/DAMT

Semi-supervised Domain Adaptation of Machine Translation

Primary LanguagePython

DAMT

A new method for semi-supervised domain adaptation of Neural Machine Translation (NMT)

This is the source code for the paper: Jin, D., Jin, Z., Zhou, J.T., & Szolovits, P. (2020). Unsupervised Domain Adaptation for Neural Machine Translation with Iterative Back Translation.

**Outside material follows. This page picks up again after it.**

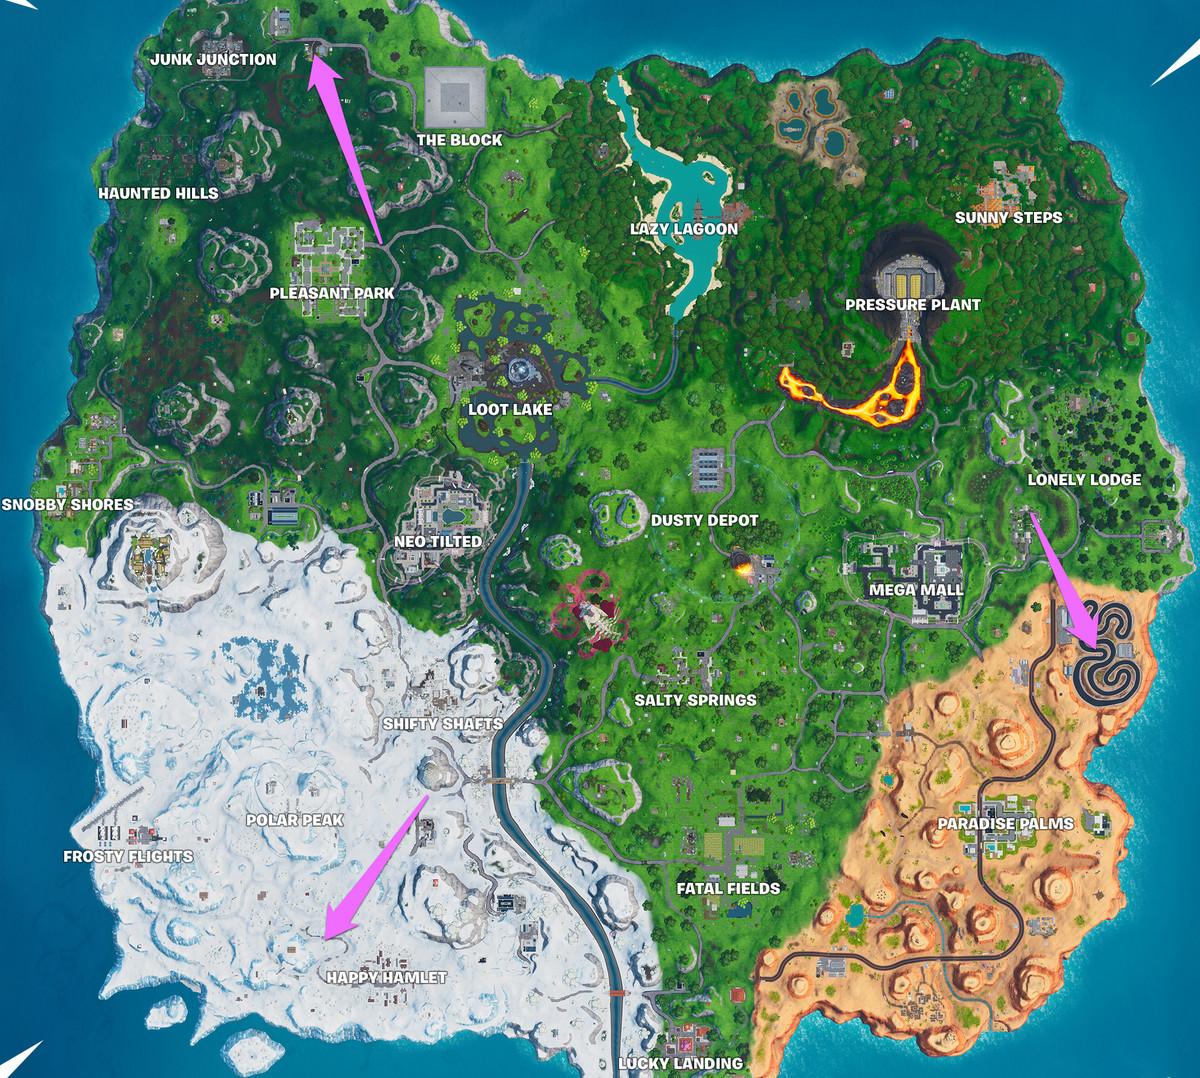 أ Fortnite الخريطة مع مواقع ثلاثة مضامير السباق

ArXiv, abs/2001.08140.. If you use the code, please cite the paper:

@article{Jin2020UnsupervisedDA,
  title={Unsupervised Domain Adaptation for Neural Machine Translation with Iterative Back Translation},
  author={Di Jin and Zhijing Jin and Joey Tianyi Zhou and Peter Szolovits},
  journal={ArXiv},
  year={2020},
  volume={abs/2001.08140}
}

Prerequisites:

Run the following command to install the prerequisite packages:

pip install -r requirements.txt

You should also install Moses tokenizer and fastBPE tool in the folder of "tools" by running the following commands:

cd tools
git clone https://github.com/moses-smt/mosesdecoder
git clone https://github.com/glample/fastBPE
cd fastBPE
g++ -std=c++11 -pthread -O3 fastBPE/main.cc -IfastBPE -o fast
cd ../..

Data:

Please download the data from the Google Drive and unzip it to the main directory of this repository. The data downloaded include the domains of MED (EMEA), IT, LAW (ACQUIS), and TED for DE-EN language pair and MED, LAW, and TED for EN-RO language pair. WMT14 DE-EN data can be downloaded here and WMT16 EN-RO data is downloaded from here.

How to use

  1. First we need to download the pretrained model parameter files from the XLM repository.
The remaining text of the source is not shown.